2 Ağustos 2011 Salı

Üşürsün

Yaşlı, oturuyordu. Uzaktan seyrediyor, anlayamıyordum. Ayaklarını toplamış, oturduğu sandalyenin altındaki demire koymuştu. Neden böyle rahatsızlık verecek bir şekilde oturmuştu?

Yaşlı, bakıyordu. İnsanların göremediği bir boşluğu görmüş, o boşluğu dolduruyormuş gibi bakıyordu. Baktığı tarafa doğru baktım. Göremedim. Bir an irkildi; ellerini başına götürdü, kaşıdı hızlı ve sertçe. Korktum. Bakmaya devam etti aynı yere.

Ben, kalktım. Yaşlının yanına gittim, oturdum. Yaşlı, dönüp bakmadı. Ayaklarını biraz daha topladı, aynı şekilde fakat olduğundan daha huzursuzca oturmaya devam etti.

Ben, merak ettim. Sordum.

- Dayı! Dedim. Bir an sustum, sonra devam ettim.
- Rahatsız olmuyor musun? Toplamışsın ayaklarını. Bak, diğerleri nasıl da uzatmışlar.

Ben, sustum. Pişman olmuş gibi önüme döndüm, durdum. Çevirmeden başını.

- Üşürsün. Dedi.

Yaşlı, konuştu. Tekrarladı.

- Üşürsün, üşürsün. Soğuk. Soğuktur. Beton. Üşürsün.

Her biri kısa cümleler kurdu, sustu. Baktım. Bir doluyu boşaltıyormuş gibi baktım. Yanına çektim sandalyemi, yaşlı gibi oturdum.

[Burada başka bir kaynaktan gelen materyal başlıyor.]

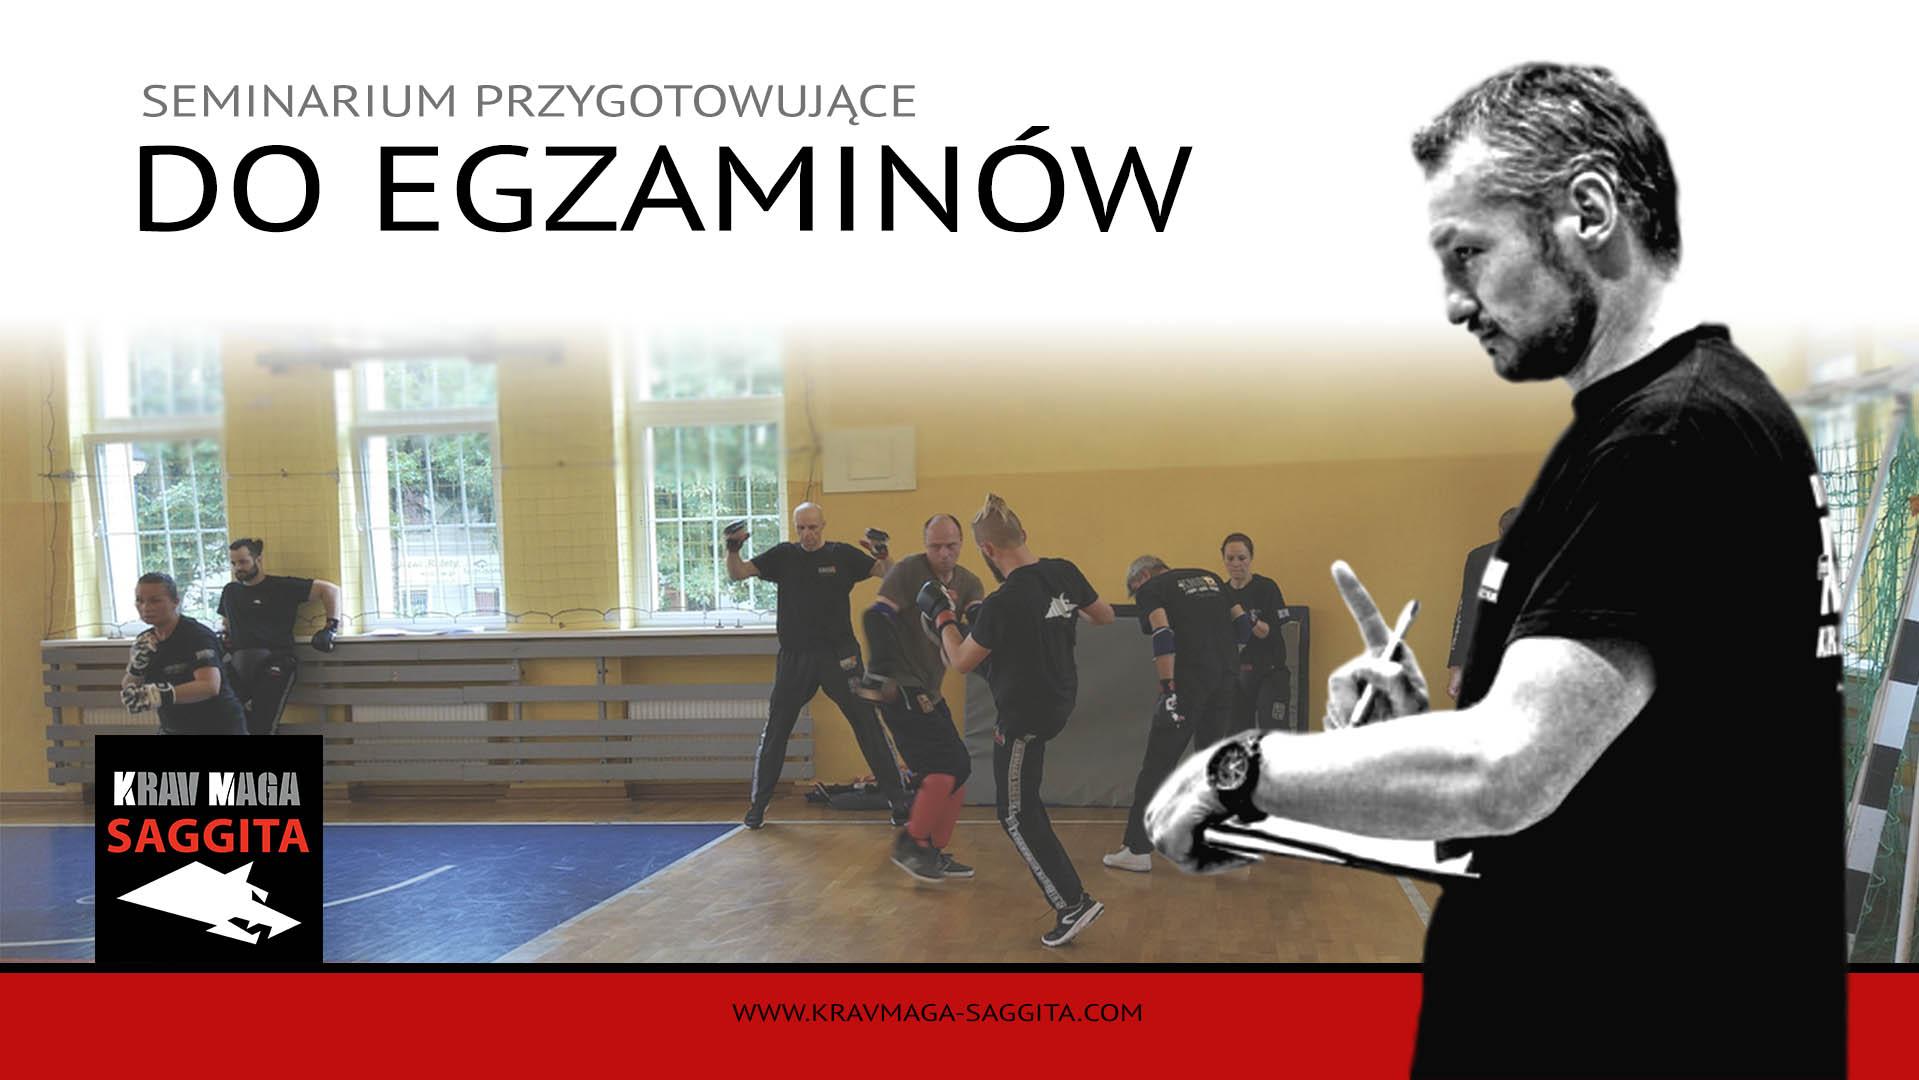 1. Akademia Obrony Saggita Tadeusz Dubicki KRav Maga Wrocław, Wałbrzych Świdnica Lubin Legnica wydarzenie TADEK

Yaşlı, doğruldu. Attı elini cebine, eski bir çakı ve ucu yarım yontulmuş bir sopa çıkardı, yonttu.

Ben, sordum.

- Neden yontuyorsun o sopayı dayı? Ne iş yaparsın?

Yaşlı, kalktı. Bakmadı benden tarafa, yürüdü.

- Çocuklar. Dedi.
- Deli. Kızdırırlar. Yaramaz çocuk. Adı Ali. Kızdırır. Deli. Deli.